By the time we were married a couple of years later, politics were still a huge part of our lives and discussions, and although Dean was still a Democrat, he was starting to let go of some of his liberal leanings.
During the 1992 presidential election, I was uninspired by President Bush (the elder) and not so convinced about third-party candidate Ross Perot, and so I personally did something unthinkable: I registered as a Democrat and voted for Bill Clinton for President of the United States. Dean voted for him as well. I was "inspired" by his wife Hillary's "advocacy for children" (I had a baby by then), and I convinced myself that her pro-abortion views could be ignored because of how much she "helped" born children. (I know, I know. But it gives me insight into others who use the same arguments today.)
Dean knew within
one day of voting for Bill Clinton that he had made a huge mistake. I was more optimistic for a few months, but by the time Clinton gave his first State of the Union address, I was filled with regret. I re-registered as a Republican and never looked back. Within a couple of years, Dean registered as an Independent, and by 1997, he was a registered Republican.

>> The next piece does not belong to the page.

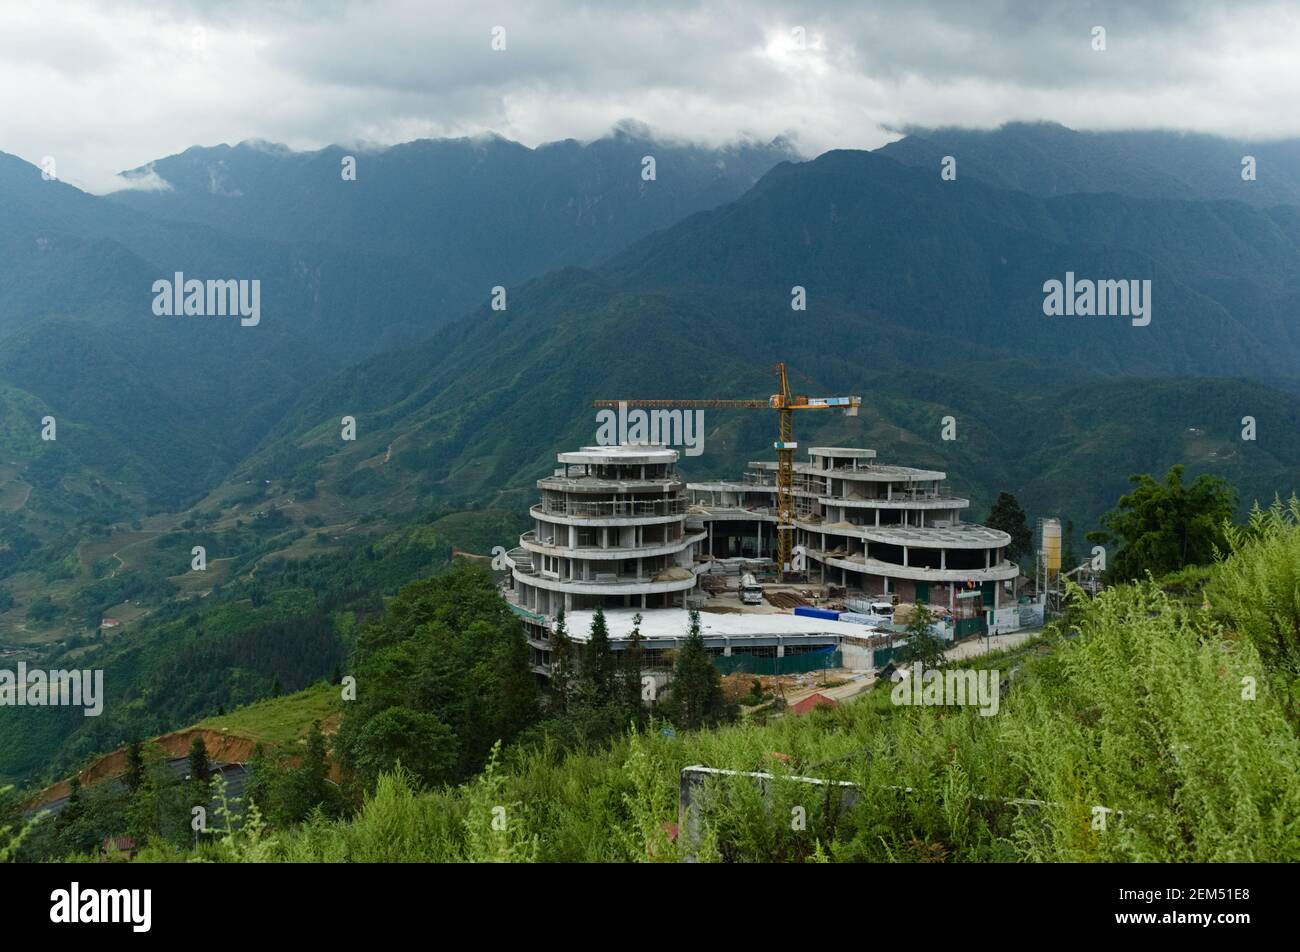 Construction site with crane. Building activity on the hill on background of mountain range. Stunning landscape with terraces near Sa Pa city. Vietnam Stock Photo

Although still registered Republicans, Dean and I have long been disgusted with the establishment Republican Party, and consider ourselves "conservative" more than any other political label.

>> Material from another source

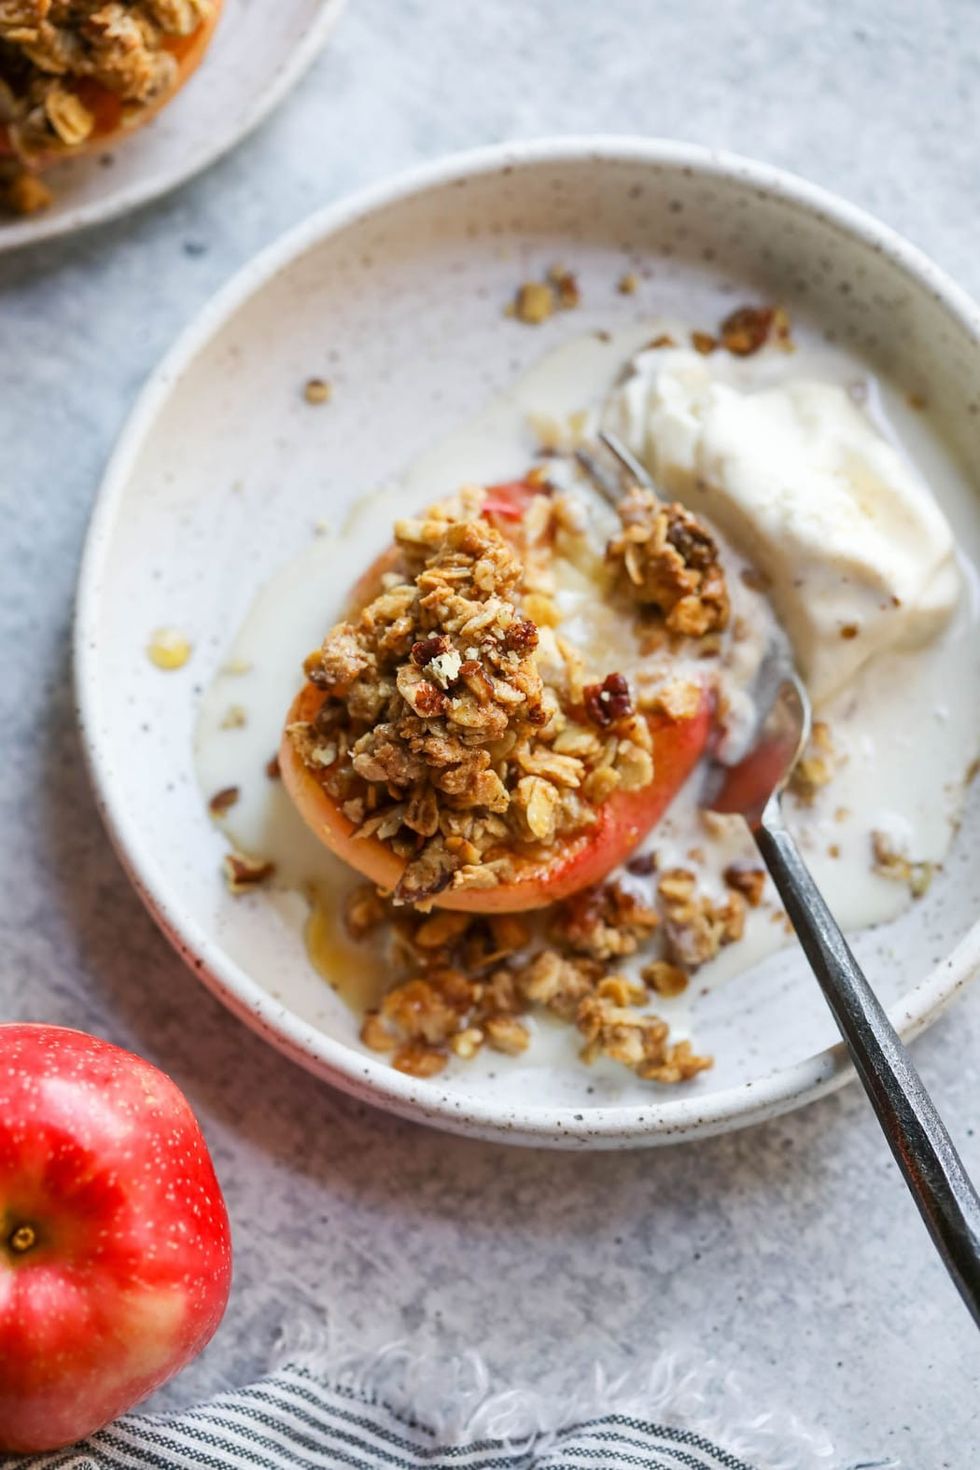 Baked Apples with Crumb Topping

Dean's career path has kept him in the mix of politics. His first job was for a non-profit taxpayer watchdog group, and then he worked in state government for a long time (Arizona Department of Commerce, Arizona Corporation Commission) before moving to the private sector of consulting and lobbying. He helped to draft and pass many bills within the Arizona Legislature during those early years, has worked with countless politicians and private businesses on regulatory issues, and knows a lot about the process and the people.
Meanwhile, my public writing began in 1994 when I became an editorial columnist for
The Arizona Republic, and my co-writer Kim Manning and I discussed and dissected politics as a matter of course. In fact, it was the exercise of writing about truth and goodness through a political lens
that brought Kim to Catholicism and me to a full embrace of Church teaching and practice.
As you can see, there is a deep history and love of politics in the Miller home, and a passion for the direction of our beloved country. So when folks suggest that I become less political, I can honestly say that I don't see that happening. And, I wouldn't want it any other way.
Our Catholic Faith encourages and even obligates us to be engaged in the public square, and so long as I am not transgressing the moral law or the laws of our Church while doing so, I am happy to oblige.
God bless America! It is a privilege to live in this still-great land.